EXERCISE DATA:
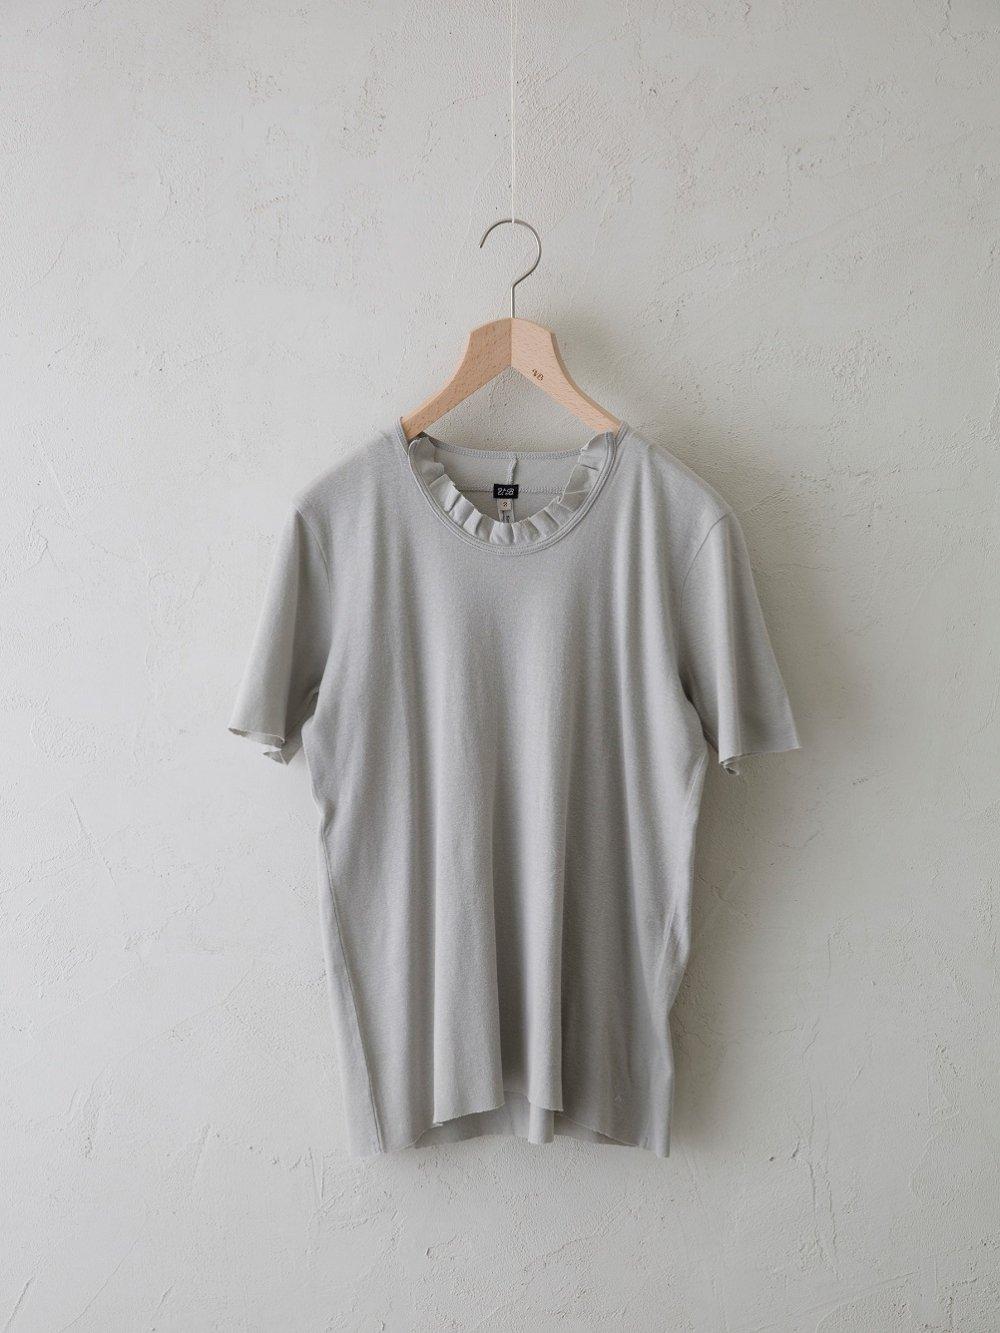 & 12 Linen(フライス) 半袖フリルプルオーバー -standard-
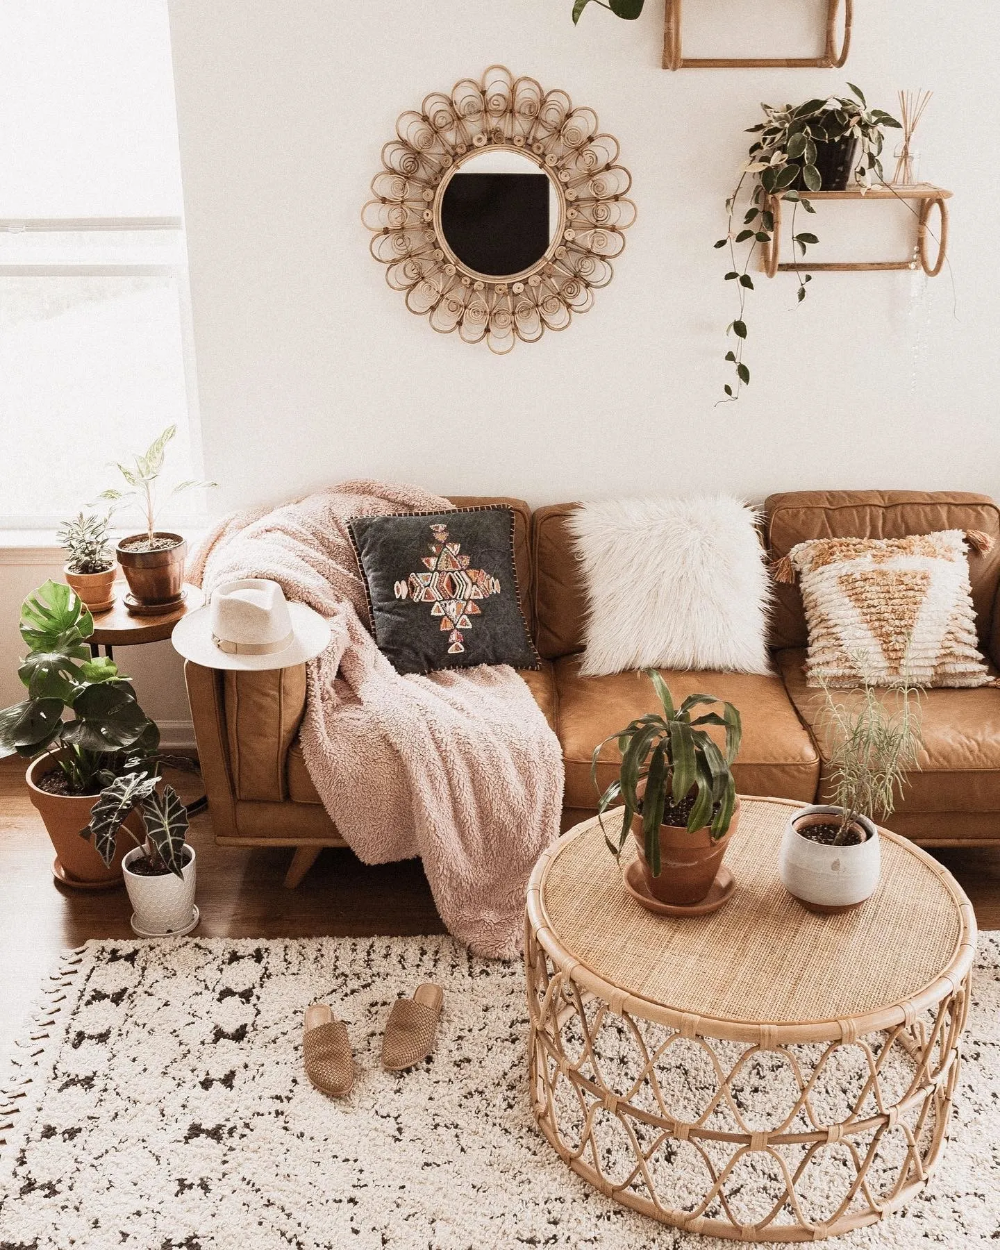 Timber Charme Tan Sofa Boho Living Room Living Room Designs Home Decor #tan #furniture #living #room
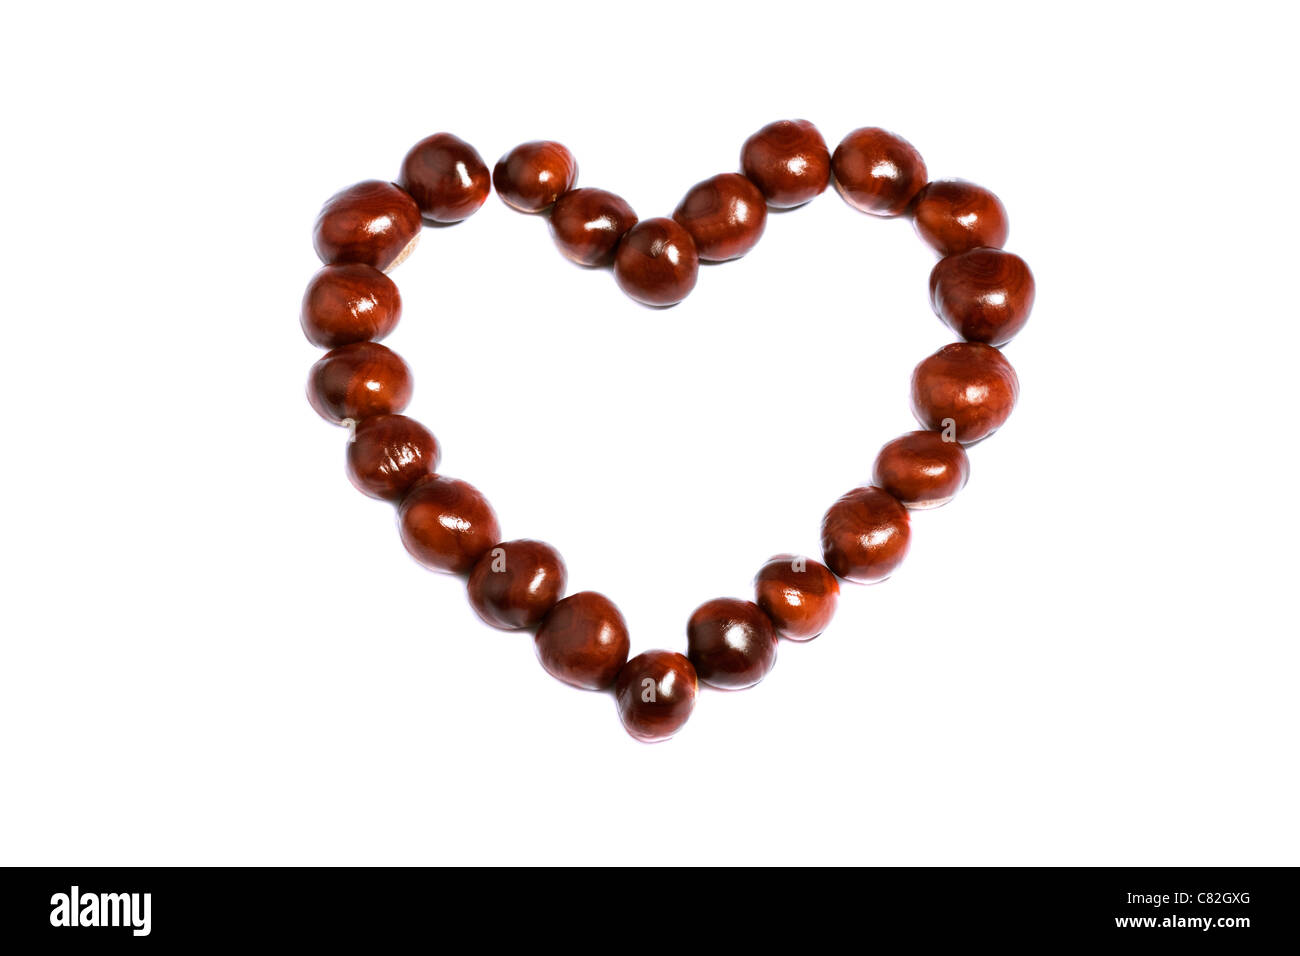 Corazón de castañas sobre fondo blanco. Imagen De Stock

EXERCISE AIM: Write out exactly the lines from the line that contains "Timber Charme Tan" to the last line of the material above, both included; pictures do not belong in the copy.

EXERCISE RESPONSE:
 Timber Charme Tan Sofa Boho Living Room Living Room Designs Home Decor #tan #furniture #living #room
 Corazón de castañas sobre fondo blanco. Imagen De Stock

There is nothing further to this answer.